• _The data_
+++

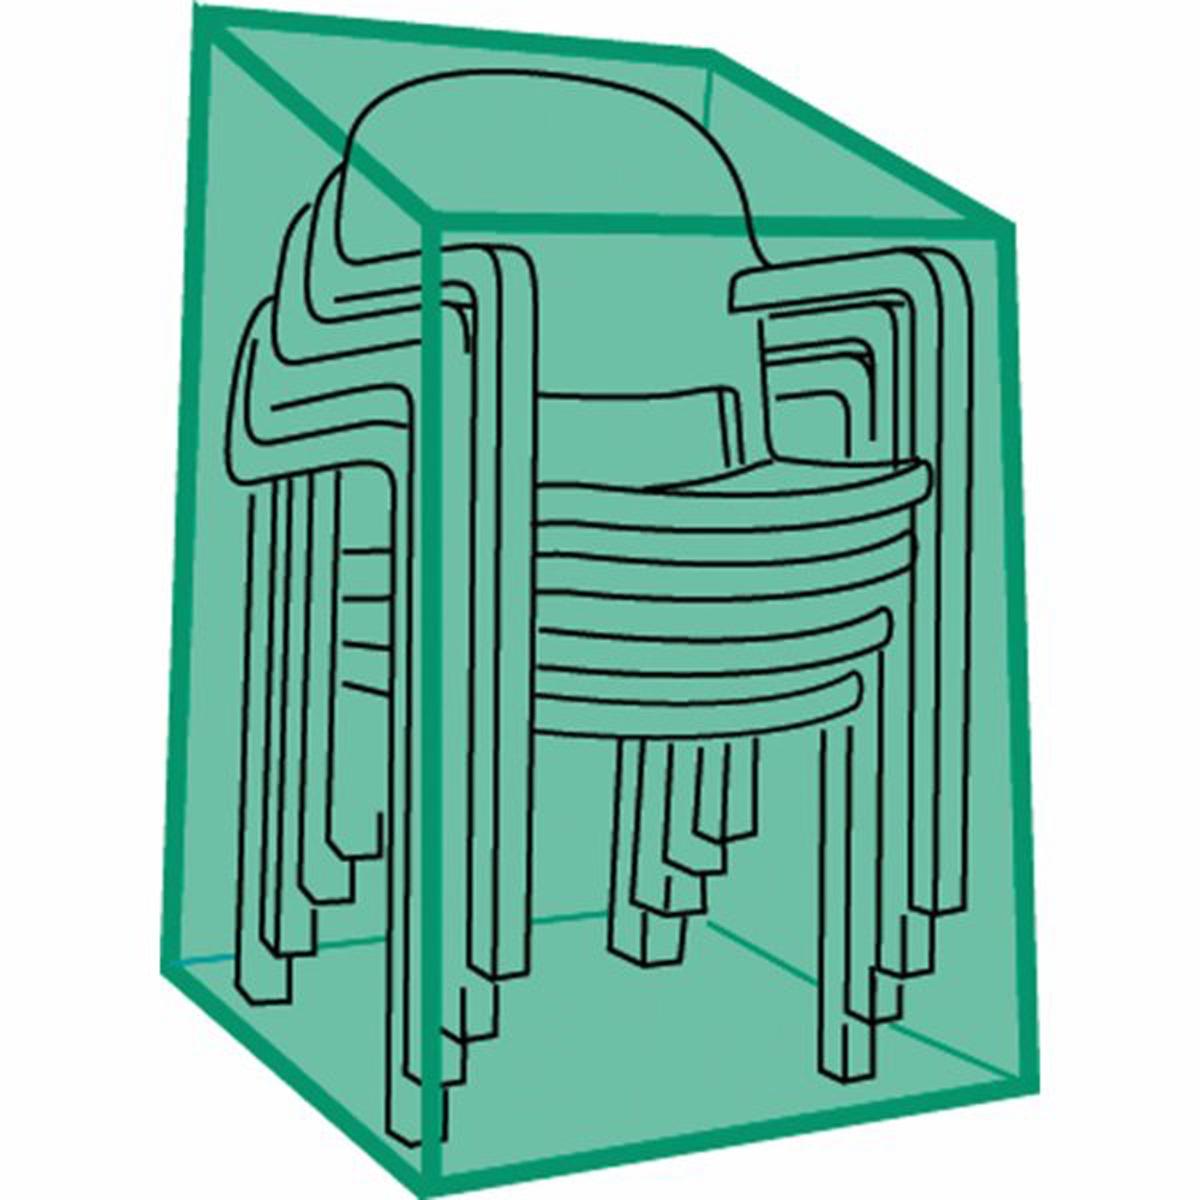 Чехол специальный для стульев и кресел от La Redoute
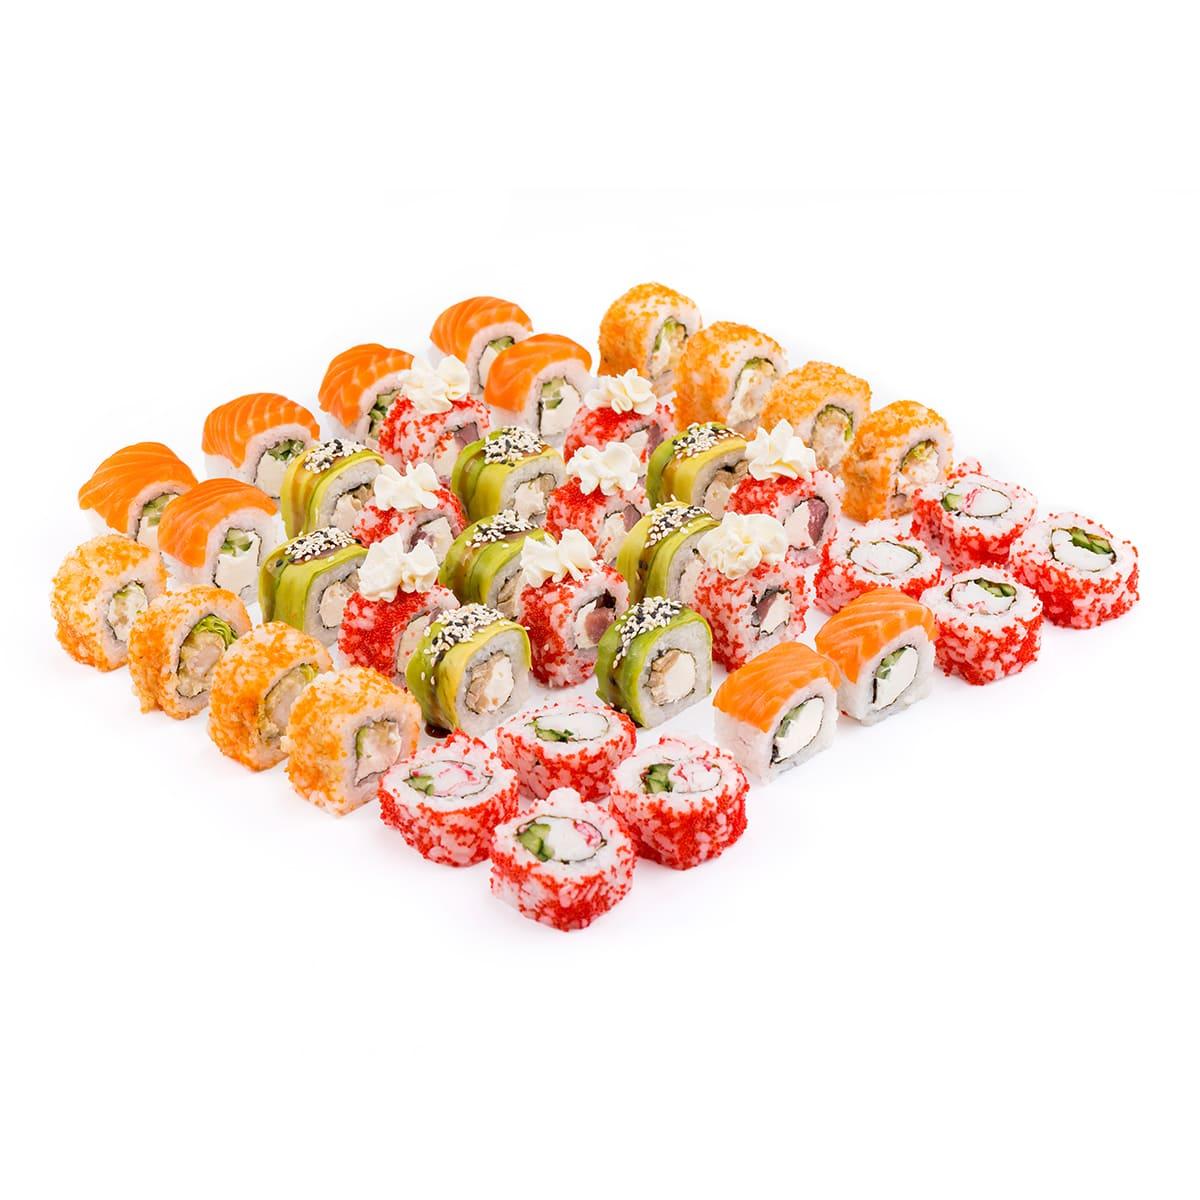 сет фирменный pablito суши ирпень
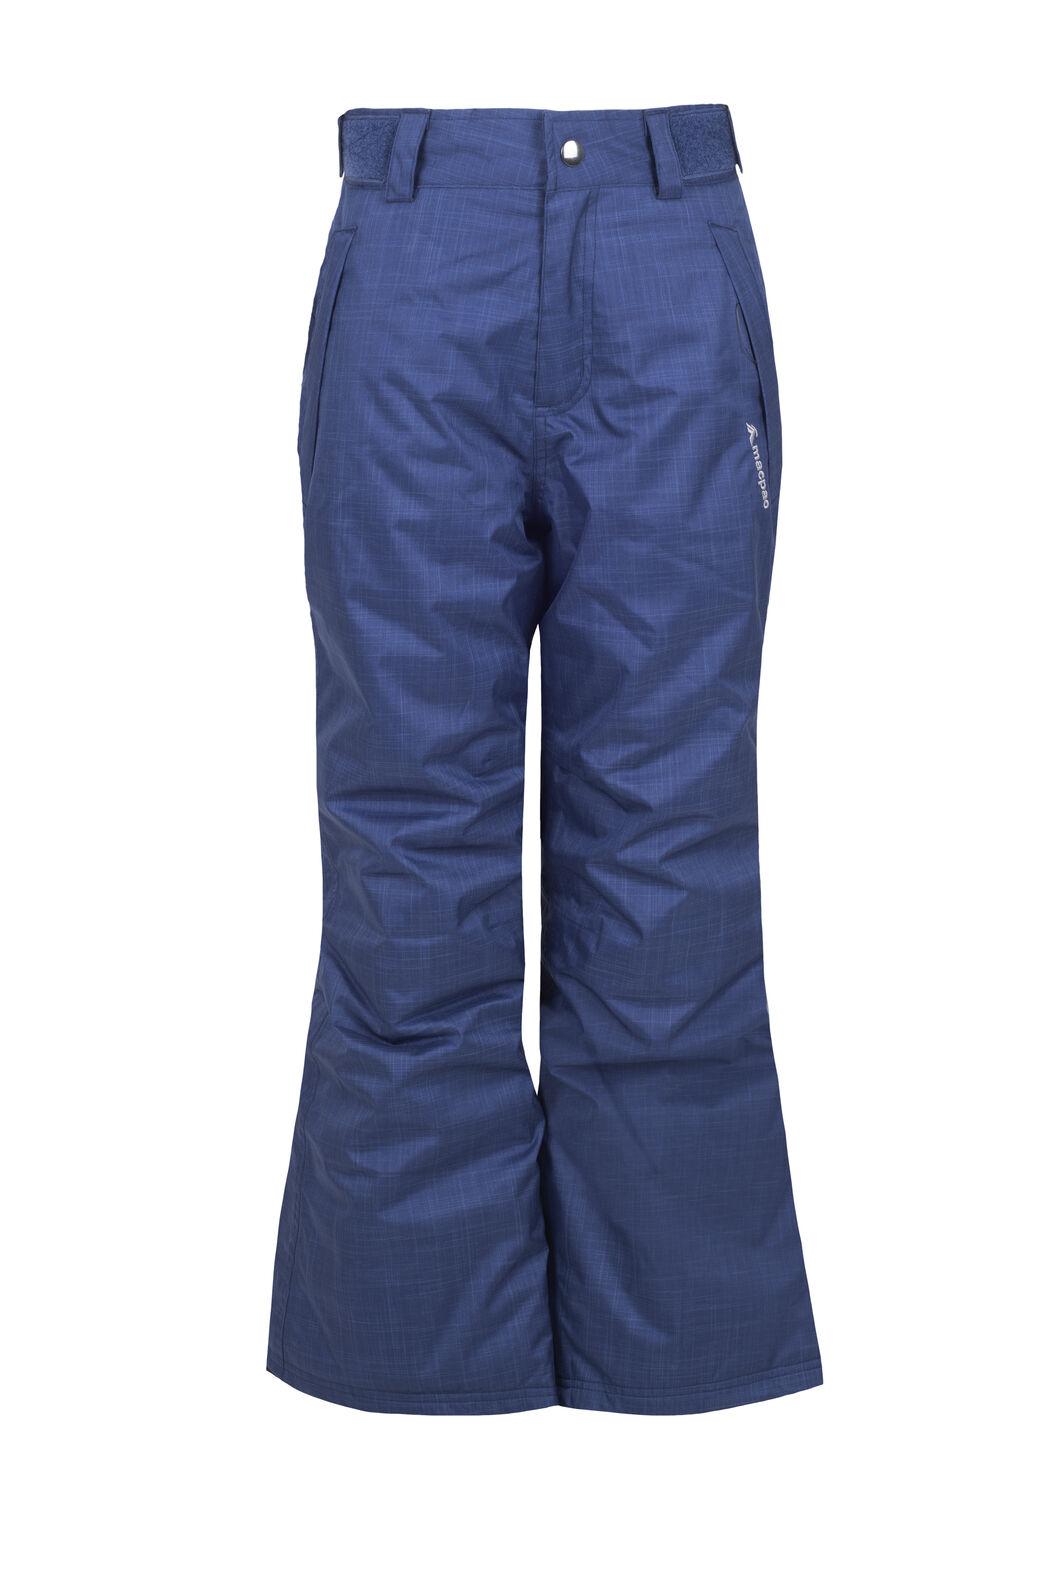 Macpac Spree Ski Pants - Kids', Medieval Blue, hi-res

+++

• _Work request_
Word for word, return the listing above; the pictures do not belong in the copy.

• _Response to the task_
 Чехол специальный для стульев и кресел от La Redoute
 сет фирменный pablito суши ирпень
 Macpac Spree Ski Pants - Kids', Medieval Blue, hi-res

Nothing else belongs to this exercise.